Project Update

This week started off as me still not really knowing what my topic is about. I wrote my first draft as generally as I could, kind of just to get it written. Maybe this isn’t the best approach, but if I don’t know what I’m going to write about then it’s better than nothing. My motives aren’t to just sneak by, to get something down on paper to turn in. I am genuinely interested in the topic and writing the paper. I haven’t really stressed about it much since it’s not like I haven’t been trying. I think about the fact that I need a topic idea often but I don’t really know how to find a topic idea. Usually when I’m doing a project, it’s a software project, finding some sort of large program to make. I can think of many ideas for something like that, it’s what I know. This on the other hand, it’s hard for me to find a starting point.

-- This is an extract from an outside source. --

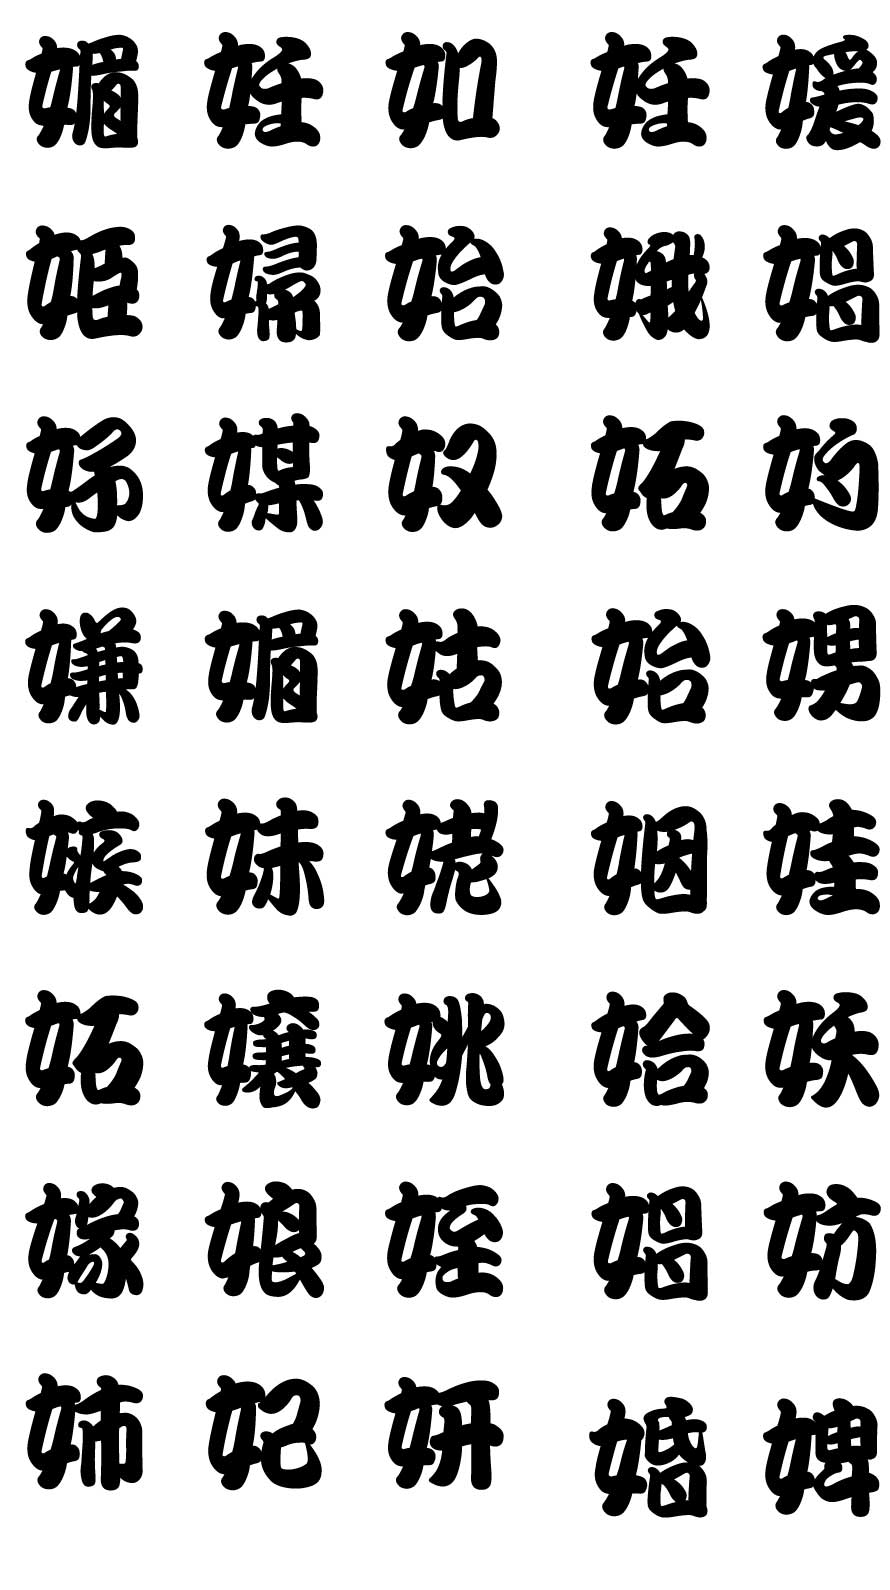 エロ注意 超恥ずかしいジョーク壁紙 魚漢字湯のみ風の隠語漢字の待ち画面 Iphone Android対応 スマホlaboホンテン

This week I did decide to explore the topic idea of Asian Americans and computer science. I read a few articles and papers about some of the cultural stereotypes in computer science. The writer starts off telling a very believable story, about his upbringing, both of his parents being engineers. How they got him started in programming, giving him books from their graduate years for him to read about operating systems and compilers. The story was, well very believable because he told it from the perspective of someone who actually knows computer science. So after he told this story he breaks us the news that the whole story was a lie, but I could still tell that he was very knowledgable about computer science just by the way he told the story, the details involved. The paper goes on to talk about how he did eventually go to MIT and major in computer science and how he experienced no micro-inequities, because of the way he looked. He was part of the major demographic for computer science, white or Asian males. This paper was actually a really interesting perspective, because normally you hear from the person who experienced the micro-inequities, the person who isn’t part of the major demographic. Instead of facing implicit bias or stereotype threat, he had the privilege of implicit endorsement (Philip Guo, Silent Technical Privilege, slate.com). Basically because he looked the part, people assumed he knew what he was doing, he was able to fake it until he made it. The paper later goes on to talk about some experiences of other people, who were not part of the
major demographic of computer science.